Before privatisation of water distribution is accepted, we need to have a close look at the success and failures of the private sector in water elsewhere in the world. The record has been murky with unjustified costs being charged by private companies.

While no one will argue that better distribution of water, or for that matter electricity, and cutting wastage are essential, when there are systemic inequities, such as the absence of decent housing that also means little or no water and electricity, just efficient distribution is not enough. In cities, the wastage is not just due to leakages but the profligate use of water by the better- off. Like electricity, this is the section that needs to be told about saving water, because current usage patterns will ensure that there is never enough water.

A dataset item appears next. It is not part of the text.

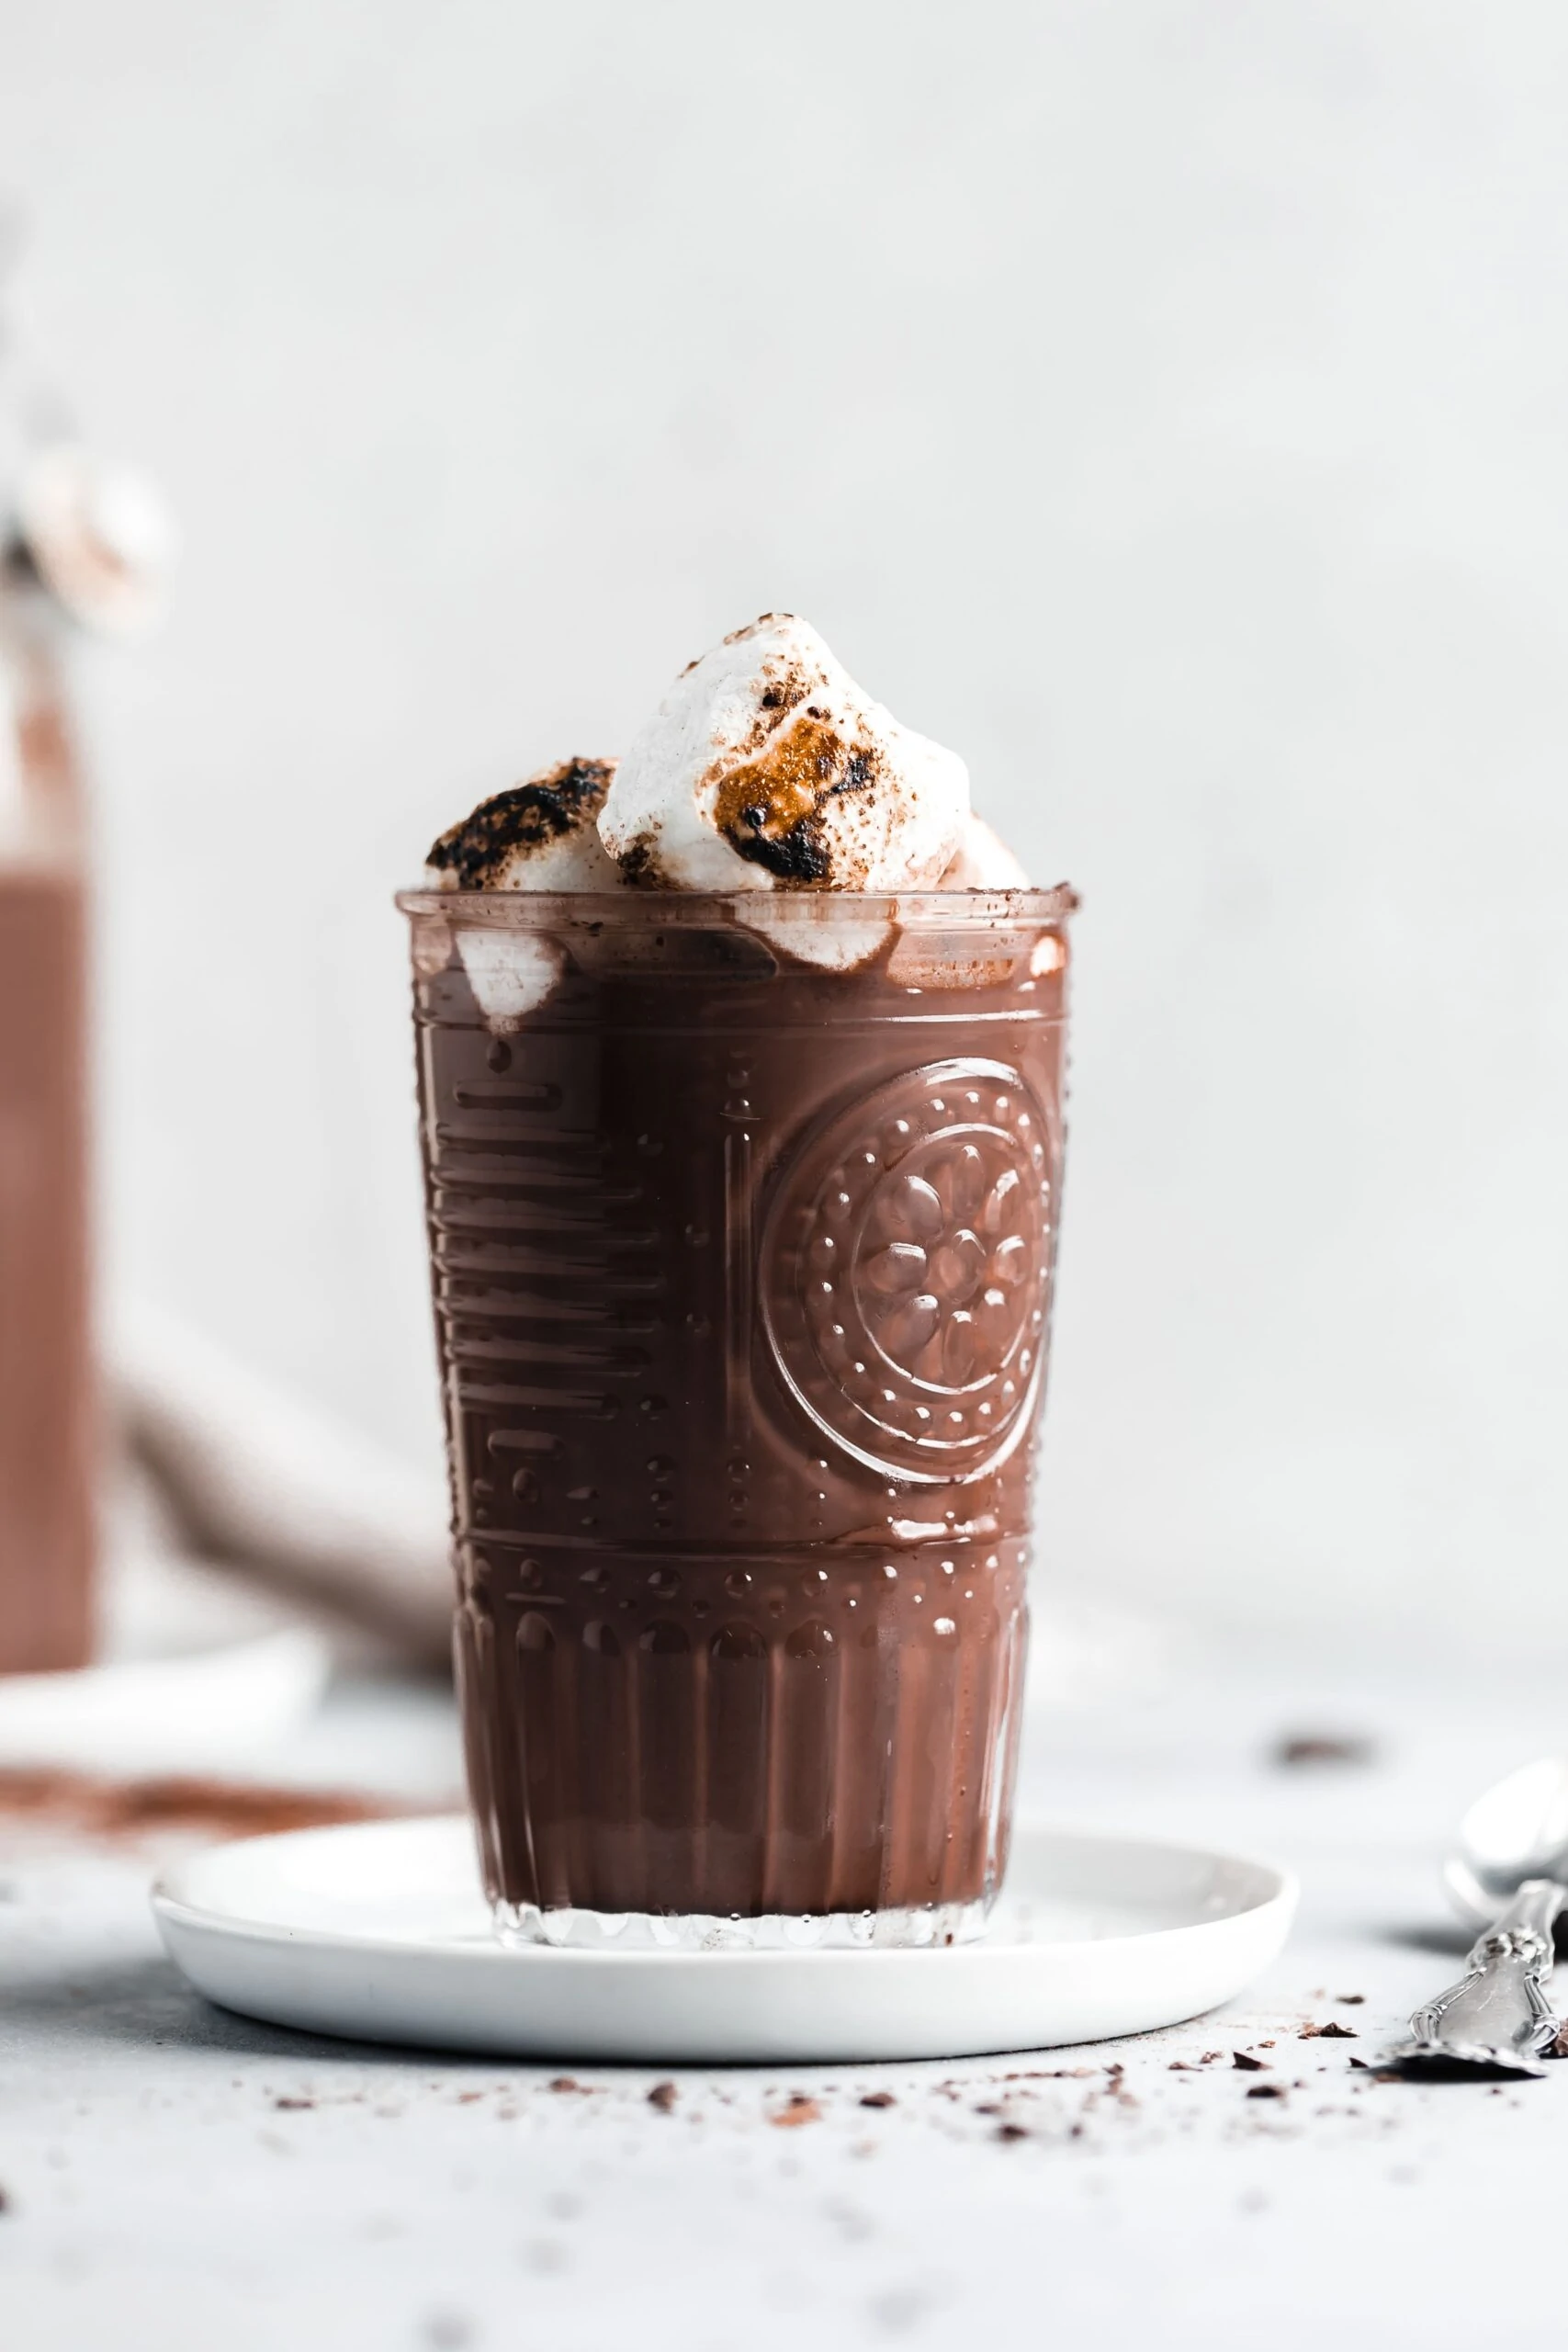 Show yourself a little self care with this perfectly chocolatey hot chocolate for one! Top with some torched marshmallows for some added indulgence. 
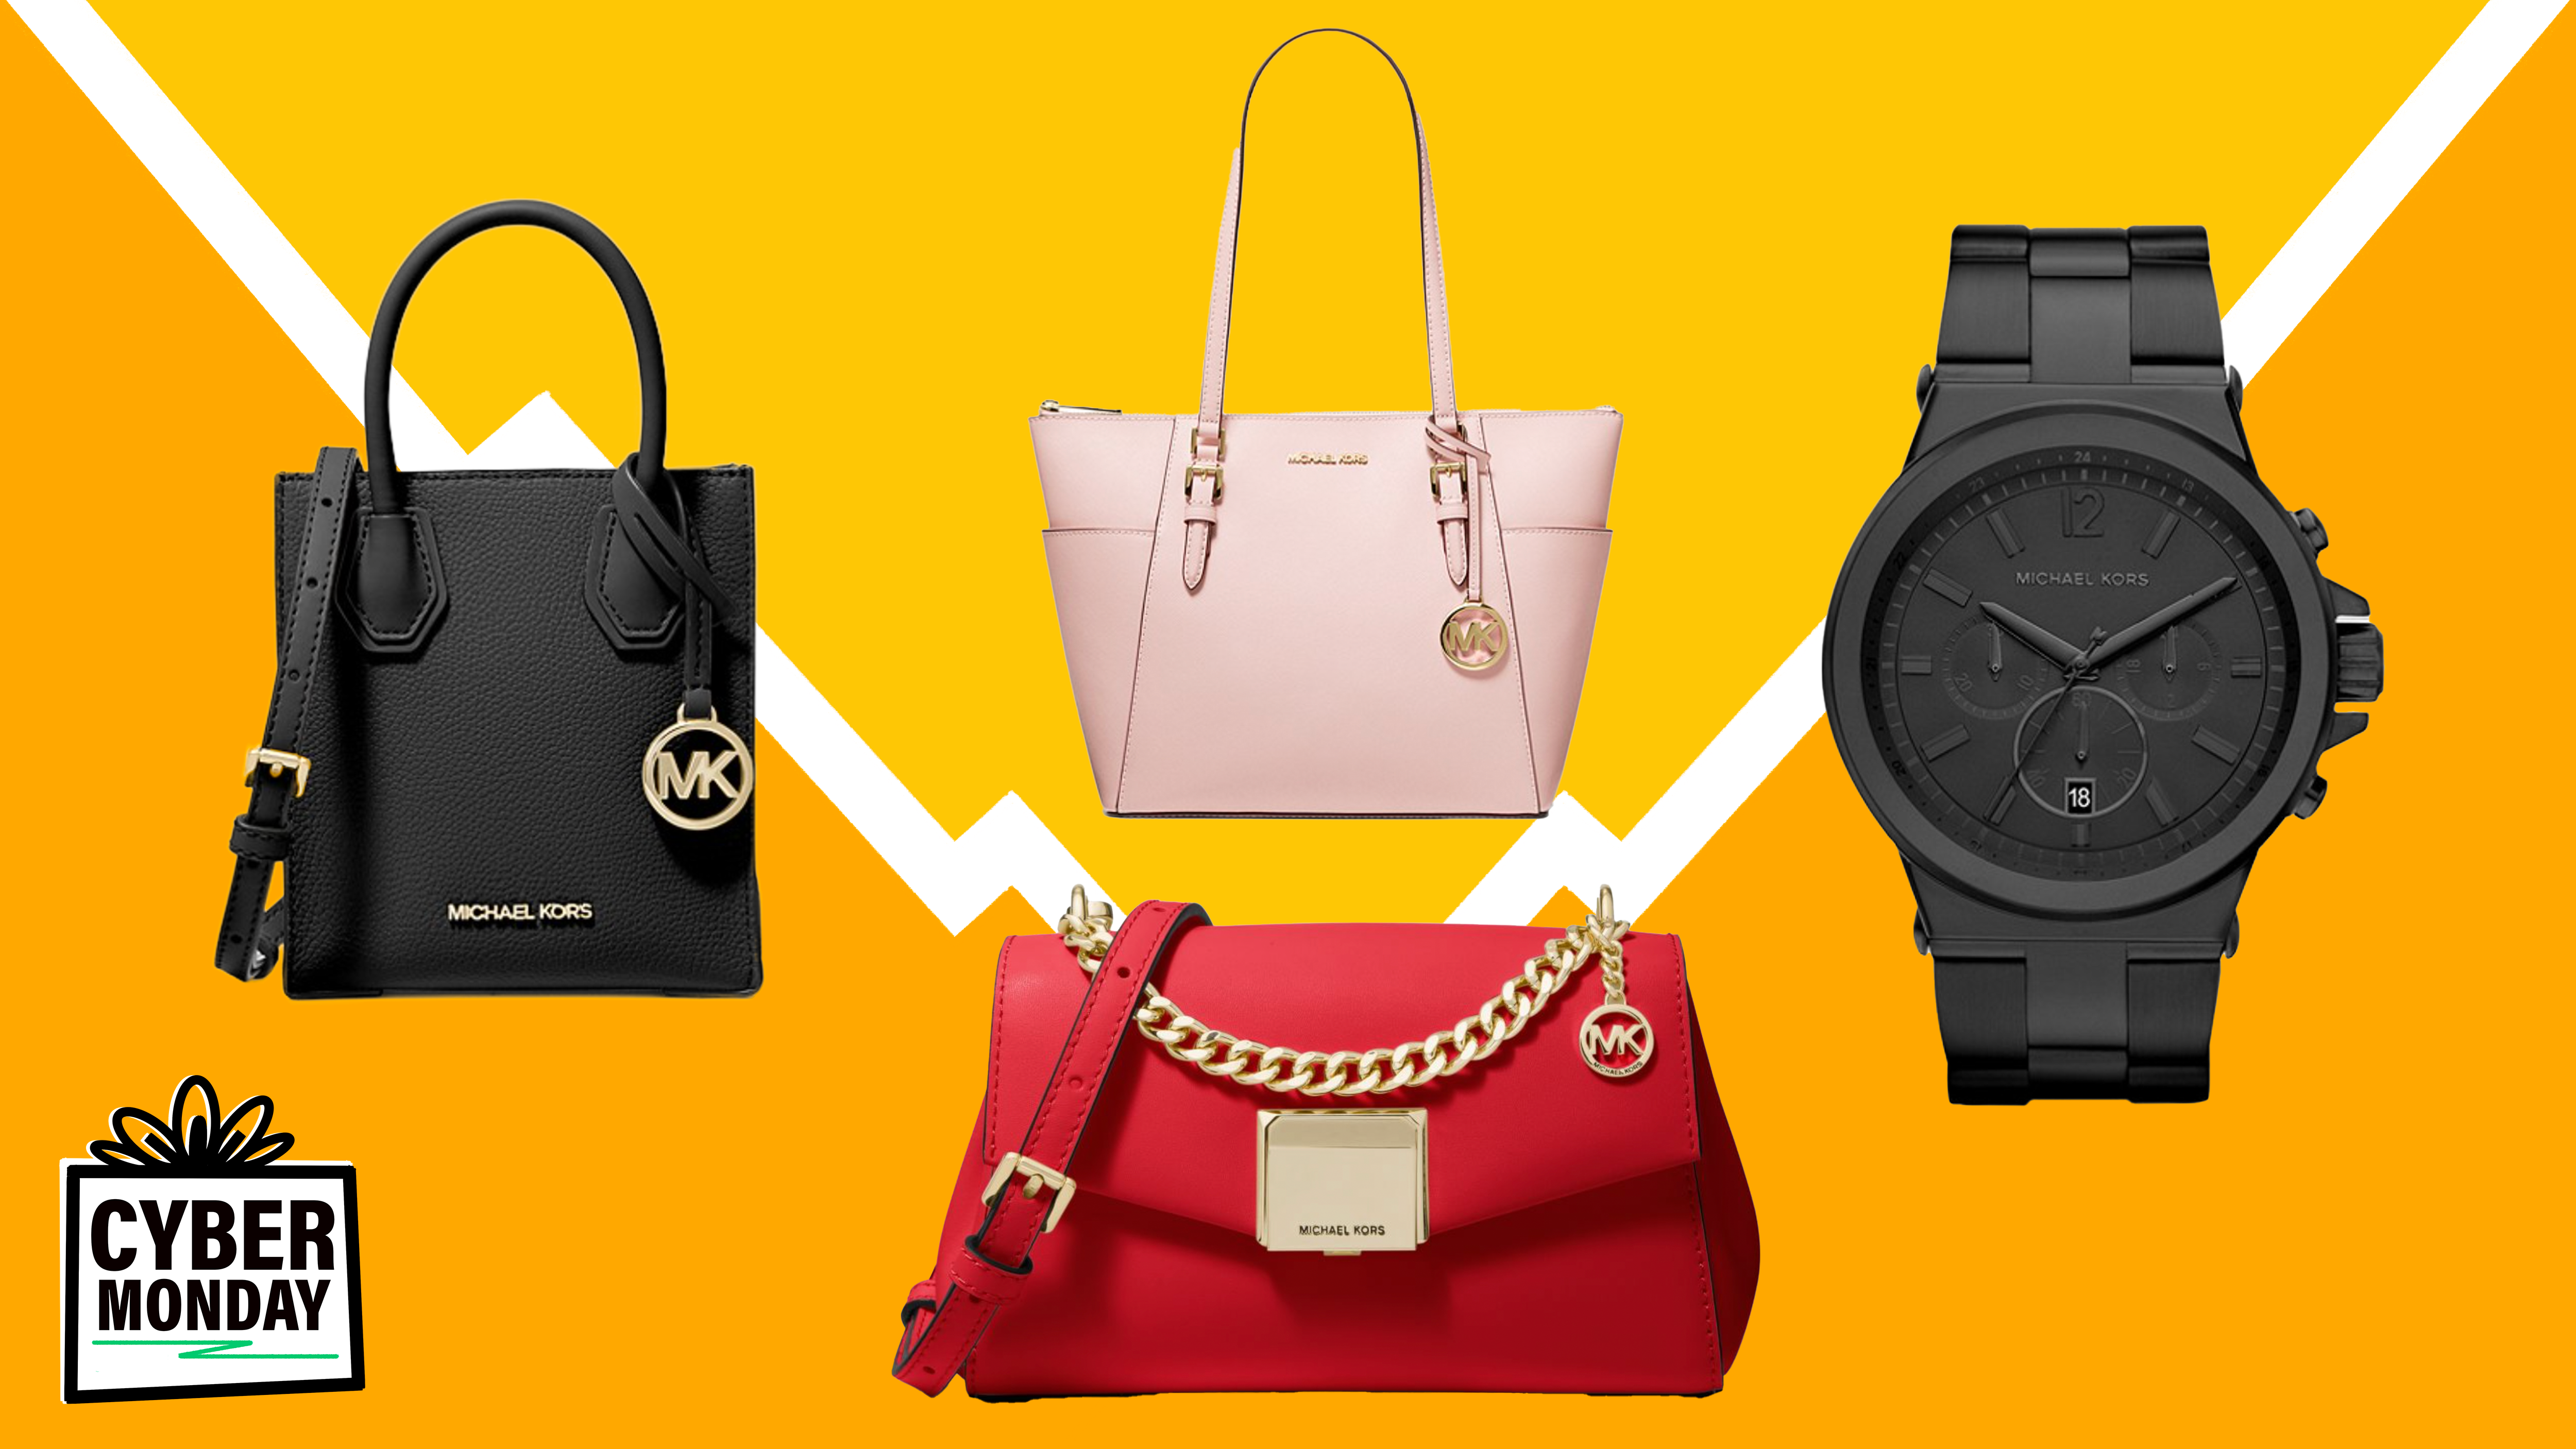 Cyber Monday 2021: Save hundreds on Michael Kors purses and watches

Yet, even as governments and municipalities work out schemes to bring in water to cities, they fail to launch campaigns that will make the water-rich aware of a scarce resource.

The state sector has failed on many fronts and has not necessarily been the most efficient. But good management practices and private ownership are not coterminous. Also, where equity and accessibility have to be guaranteed, it is incumbent on the state to ensure that in the name of efficiency, the poor are not denied their right to basic necessities like water, or for that matter sanitation and decent housing.